# [Dataset content]
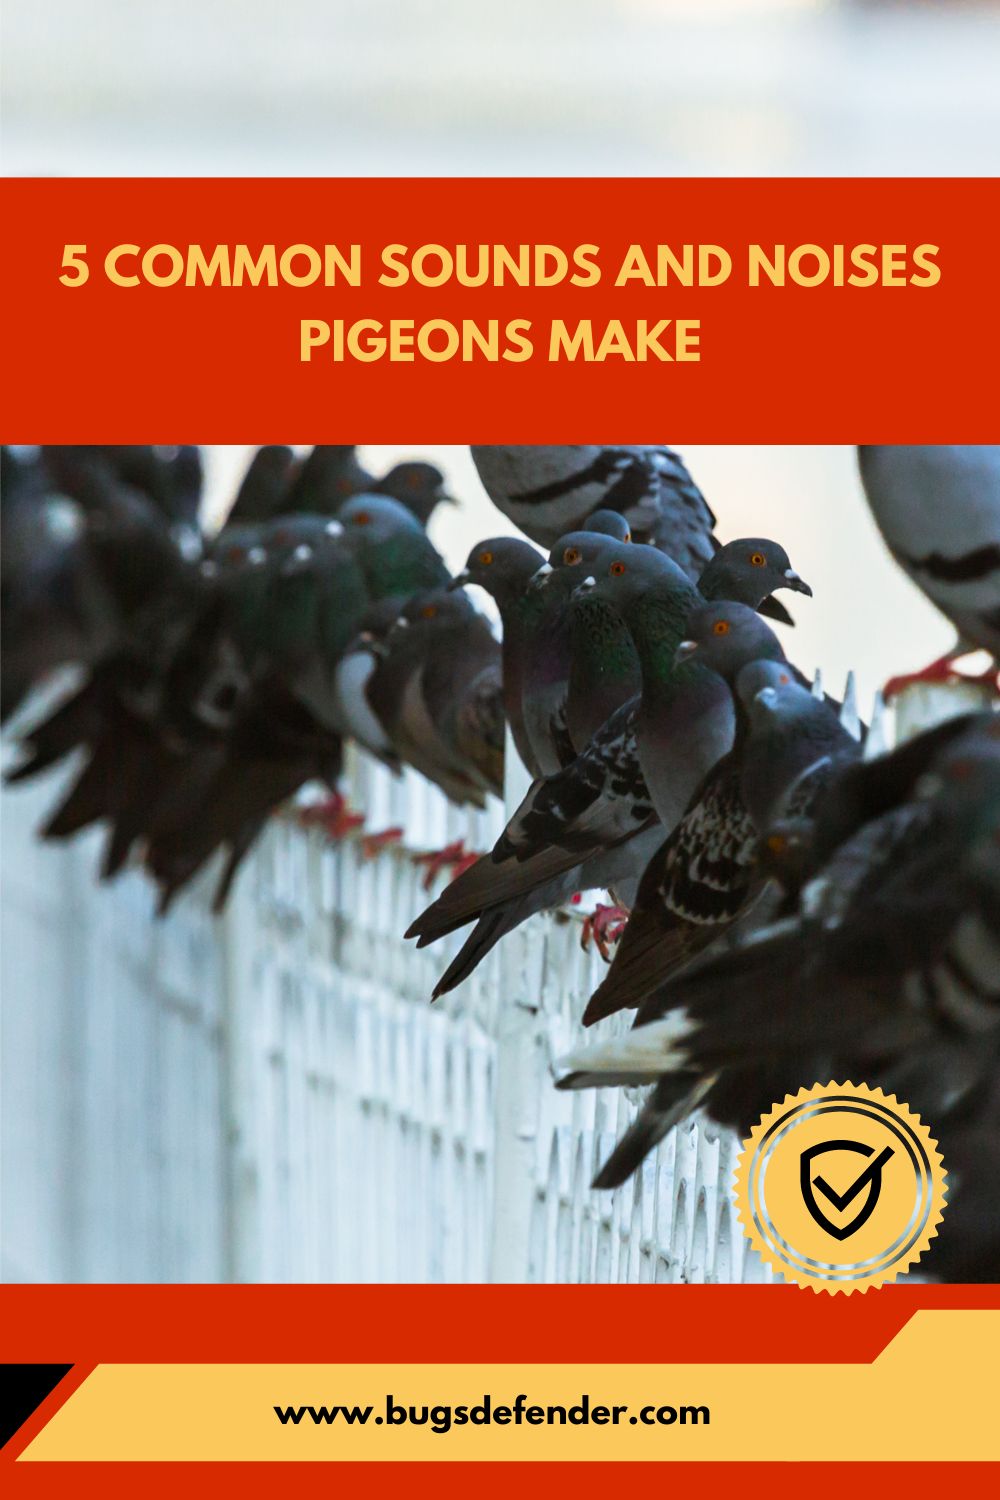 5 Common Sounds and noises pigeons make pin1
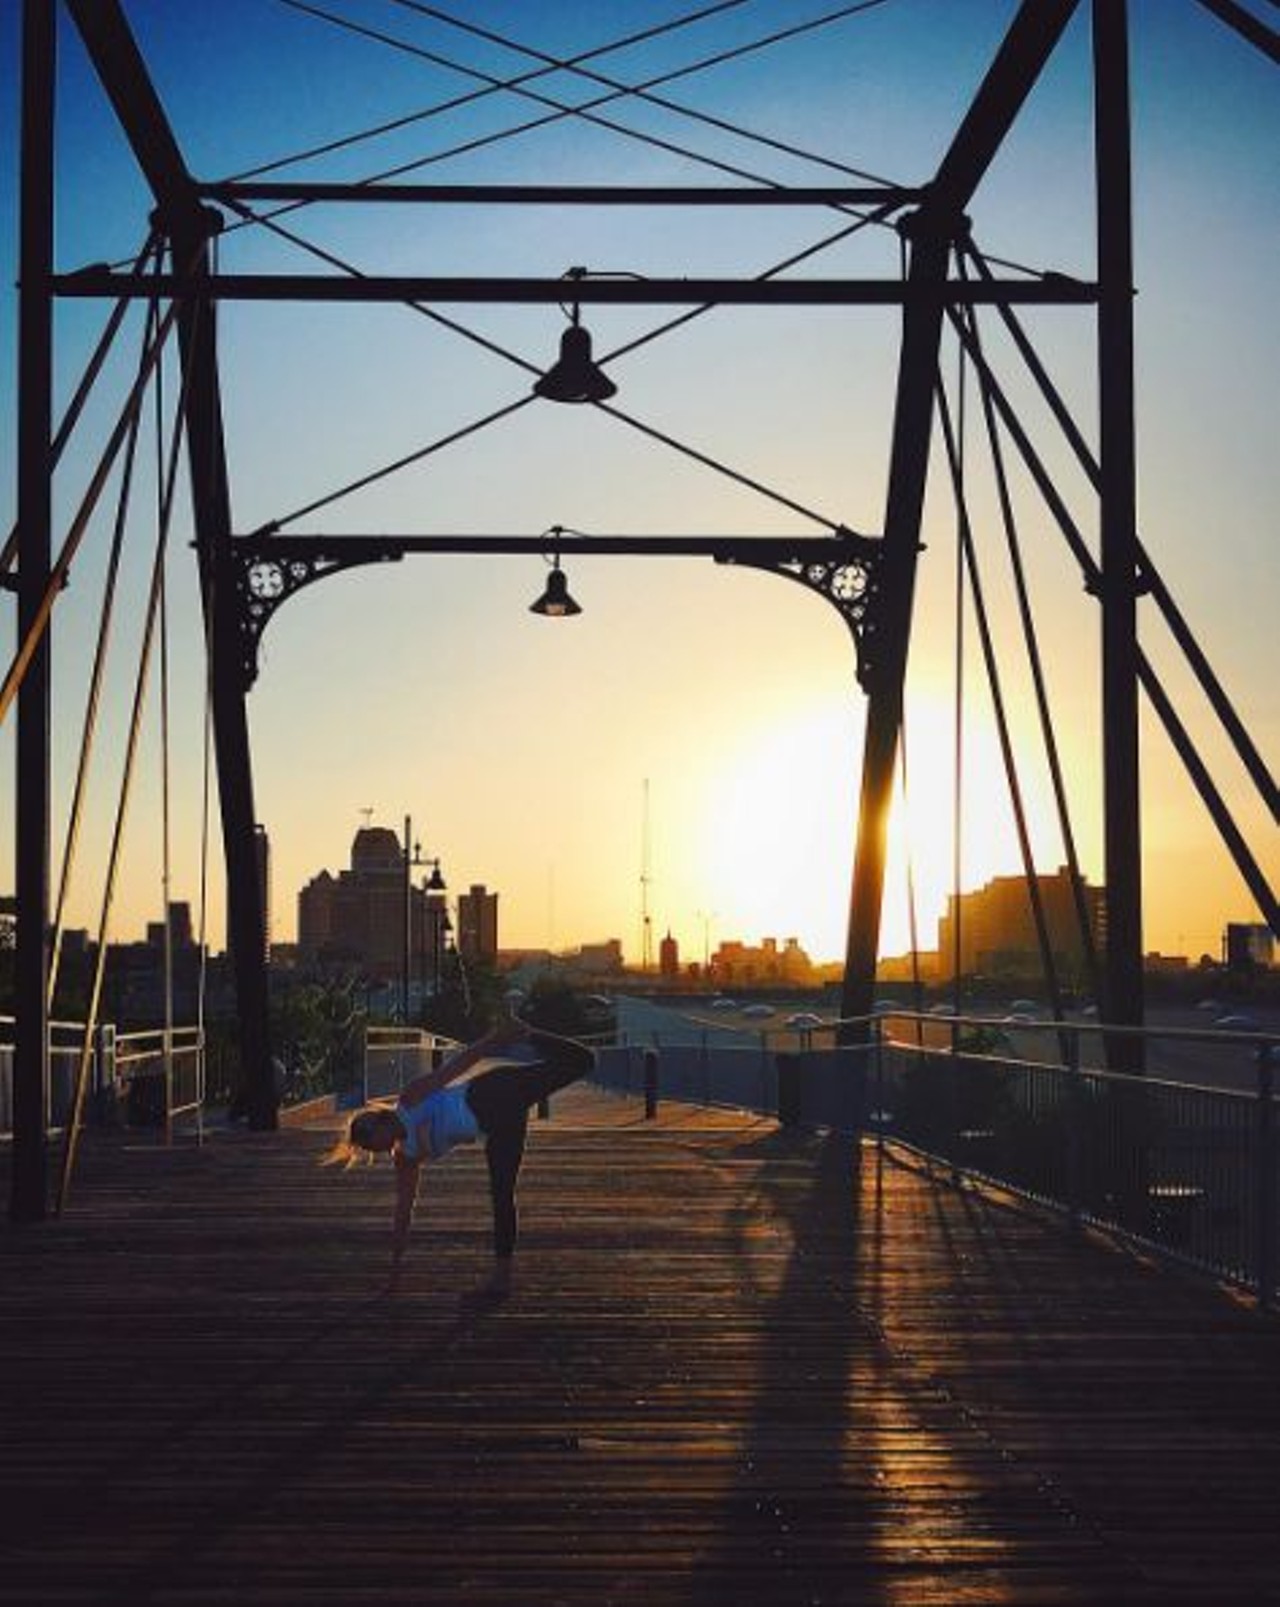 Watch the sunset from Hays Street Bridge
803 N. Cherry St., (210) 207-0970, facebook.com
San Antonio&#146;s favorite bridge is a prime spot for yoga and photoshoots, so why wouldn&#146;t you admire the beautiful Texas sky from here?
Photo via Instagram, hayleytheyogi
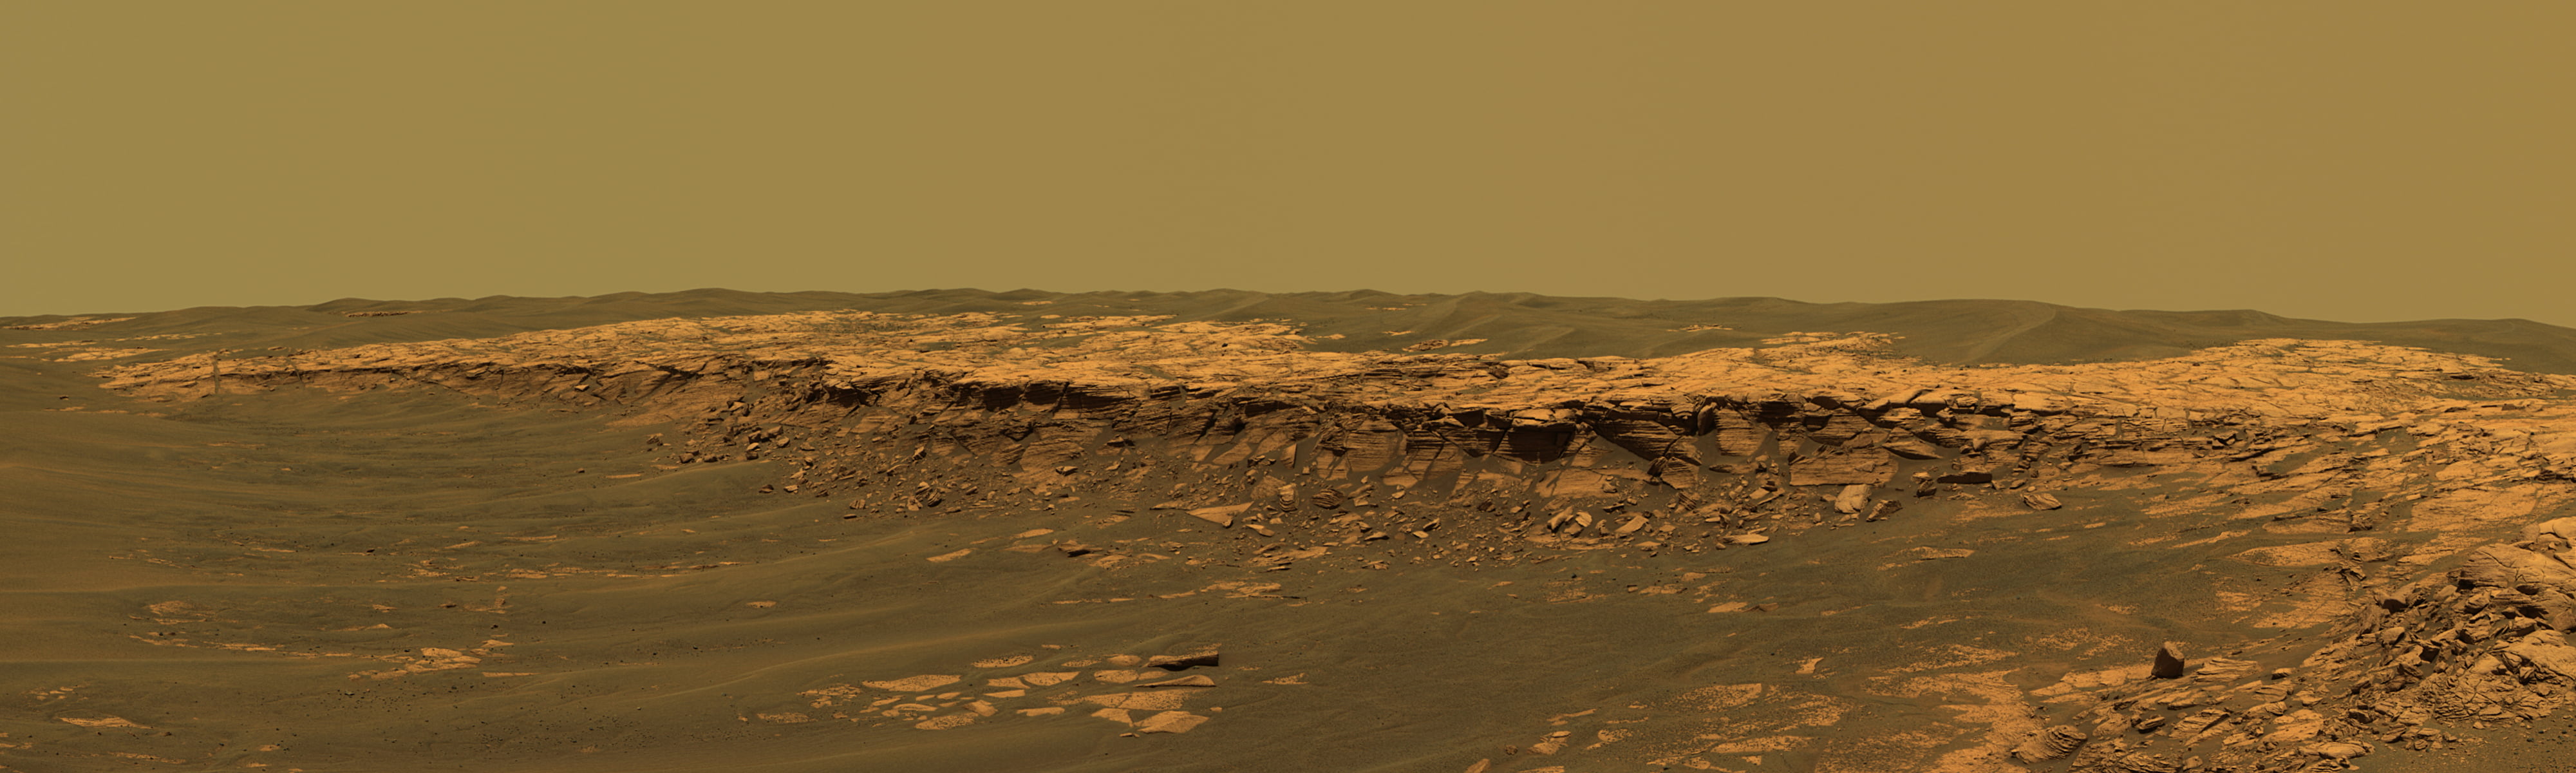 brown mountains, photo, landscape, planet, Mars, NASA, Opportunity
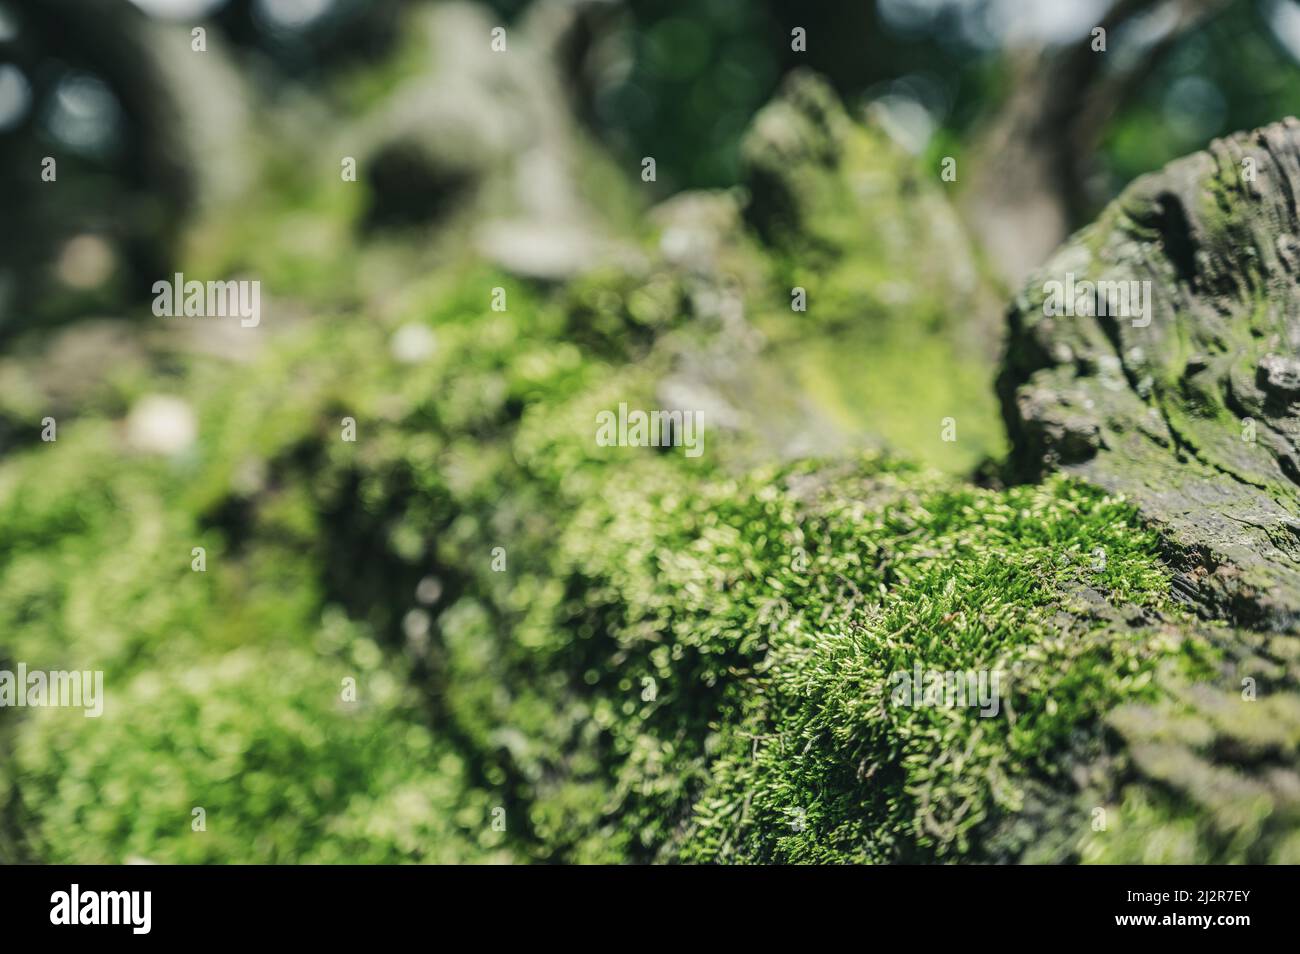 patch of moss showing both gametophytes and sporophytes with a blurred forest backdrop Stock Photo

# [Task details]
Once the pictures are removed, copy the material above exactly.

# [Response box]
 5 Common Sounds and noises pigeons make pin1
 Watch the sunset from Hays Street Bridge
803 N. Cherry St., (210) 207-0970, facebook.com
San Antonio&#146;s favorite bridge is a prime spot for yoga and photoshoots, so why wouldn&#146;t you admire the beautiful Texas sky from here?
Photo via Instagram, hayleytheyogi
 brown mountains, photo, landscape, planet, Mars, NASA, Opportunity
 patch of moss showing both gametophytes and sporophytes with a blurred forest backdrop Stock Photo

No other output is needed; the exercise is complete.